Historic house in Pennsylvania, United States

The Asa Packer Mansion is a historic house museum on Packer Road in Jim Thorpe, Pennsylvania, United States. Completed in 1861, it was the home of Asa Packer (1805–1879), a coal and railroad magnate, philanthropist, and founder of Lehigh University. Asa Packer was also a major contributor in the Lehigh Valley Railroad system. The mansion is one of the best preserved Italianate Villa homes in the United States, with original Victorian furnishings and finishes. It was designated a National Historic Landmark in 1985.

==Description==
The Asa Packer Mansion is located near Jim Thorpe's historic downtown Broadway area, on a terrace overlooking the Lehigh River on the west side of Packer Hill Avenue. The home of Packer's son, the Harry Packer Mansion, designed by Sloan's protegee Addison Hutton, is next door on the same road. The Asa Packer Mansion was built over a cast iron frame and cost $14,000. It contains a total of three stories, 18 rooms, a red-ribbed tin roof, and a two-story covered porch. Both the main roof and porch roof have extended eaves with brackets, and the main roof is capped by a cupola. The main three-story block is extended to either side by smaller blocks ending in bowed segments.

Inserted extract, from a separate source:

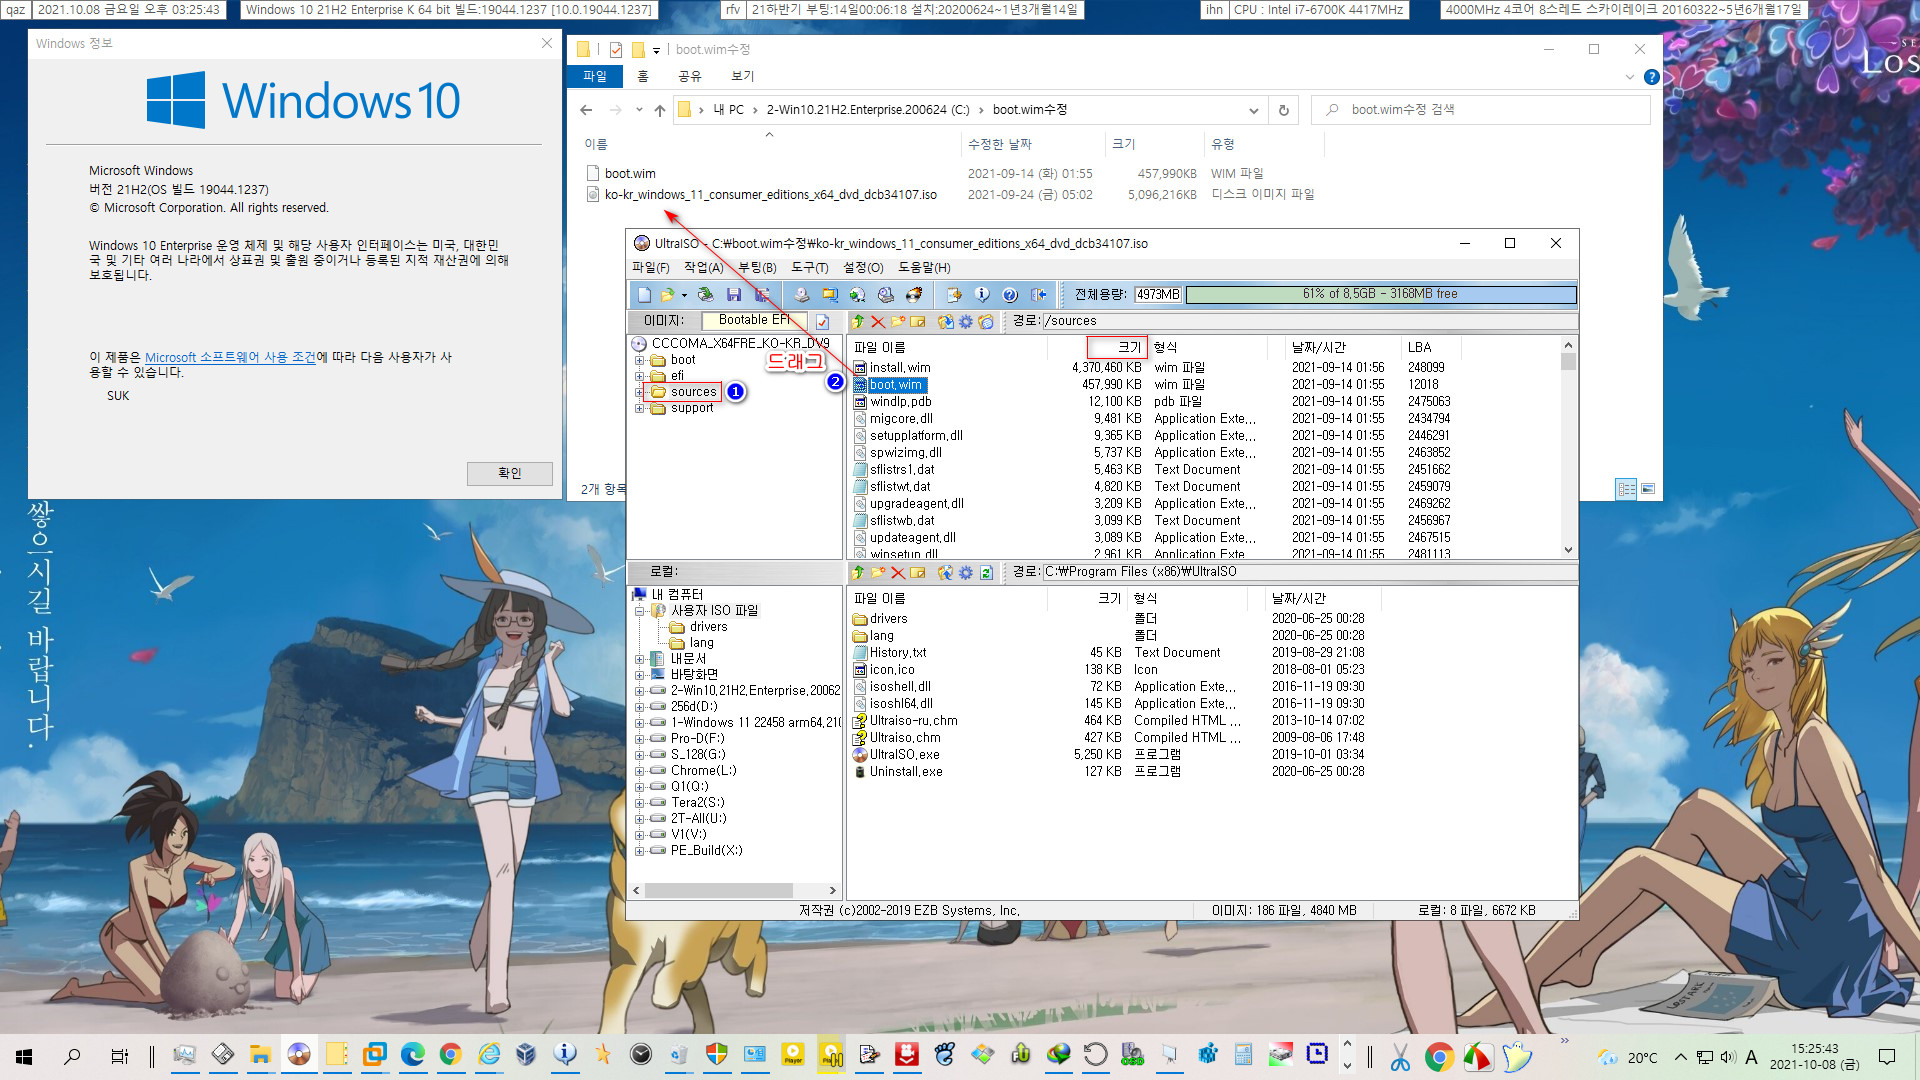 Windows 11 boot.wim 수정하기 (7-Zip 사용) - 하이브 로드하여 우회 패치 reg 병합 2021-10-08_152543.jpg
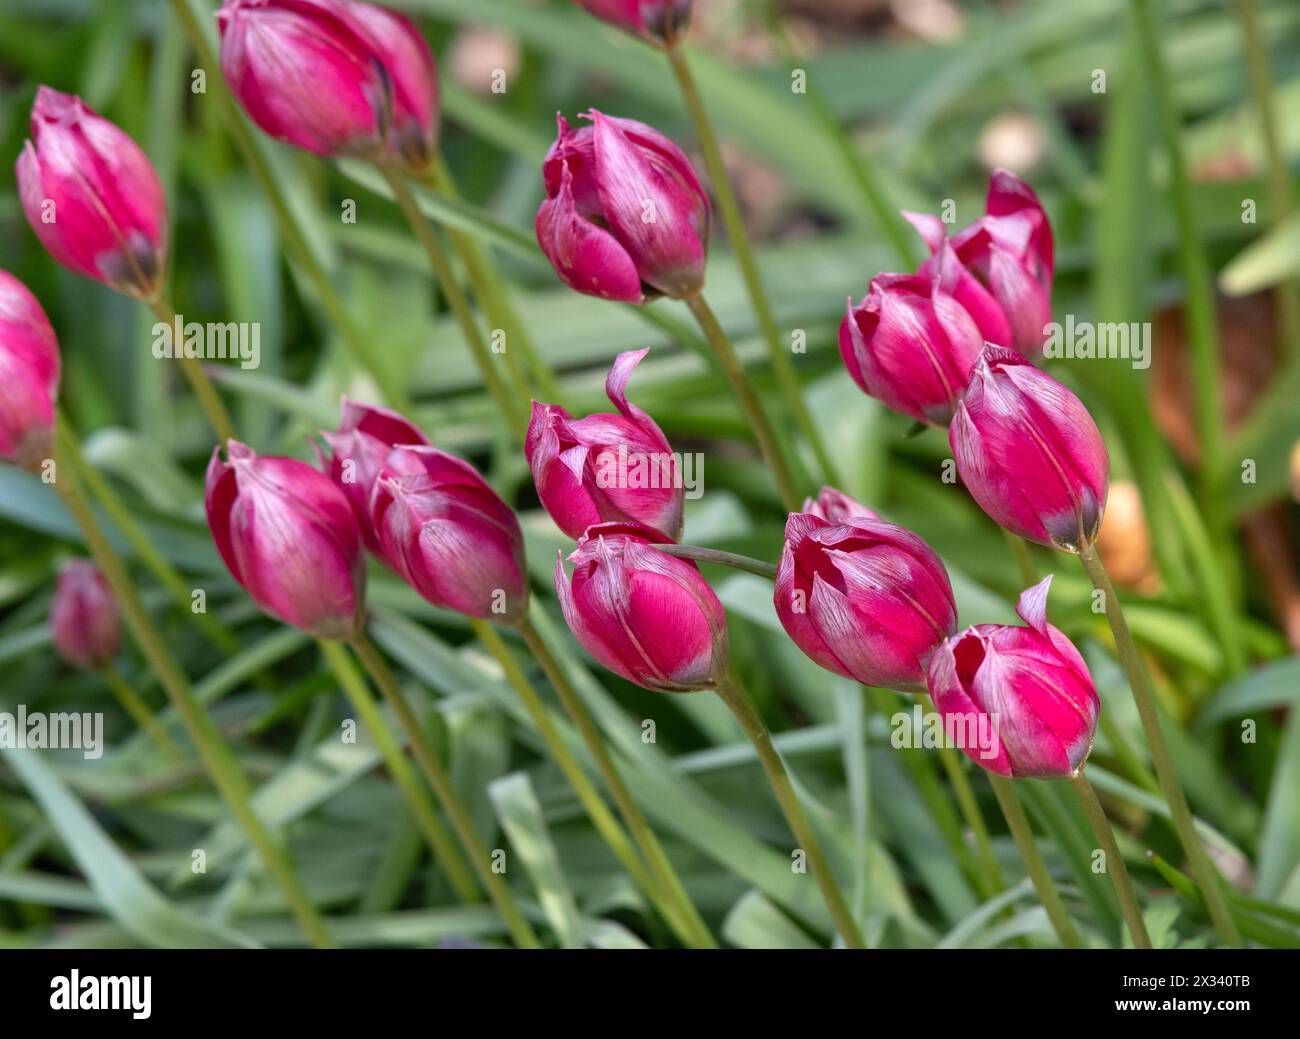 Tulipa hageri 'Little Beauty' Stock Photo

The porch has elaborate Italianate details, including arched valances with lacework in the spandrels, and lacework balustrades on the second floor. The interior is also lavishly appointed, retaining original woodwork, features and period furnishings.

==History==
Packer commissioned it to be built in what was then the Borough of Mauch Chunk. It was completed in 1861. The architect was Samuel Sloan of Philadelphia who also designed the Southern Mansion Hotel in Cape May, New Jersey, and Longwood in Natchez, Mississippi. It took Sloan approximately two years to complete the 11,000 square foot mansion. The house bears a strong resemblance to a design published by Sloan in his 1852 Model Architect, in which he promoted the Italian Villa style. The mansion is embellished with marble fireplaces and gilded mirrors, mostly added for the Packers' Golden Wedding Anniversary on January 23, 1878. The mansion is also filled with many distinct details including Gothic gingerbread trefoil motifs and window arches, and exquisitely carved panelling. The original furnishings are reflective of the Packer's wealth and remains as part of the preservation of the mansion.

==Museum==
Upon the death of Mary Packer Cummings, Mr. Packer's daughter (who could not inherit his estate unless she entered into an arranged marriage) in 1912, the home was willed to the Borough of Mauch Chunk to remain as a memorial to her father and his many accomplishments. The borough, not certain what to do with the home, closed it, and for 44 years the home sat idle. The Jim Thorpe Lions Club, looking to sponsor a new community project, approached the borough about opening the home. It was opened for tours on Memorial Day of 1956.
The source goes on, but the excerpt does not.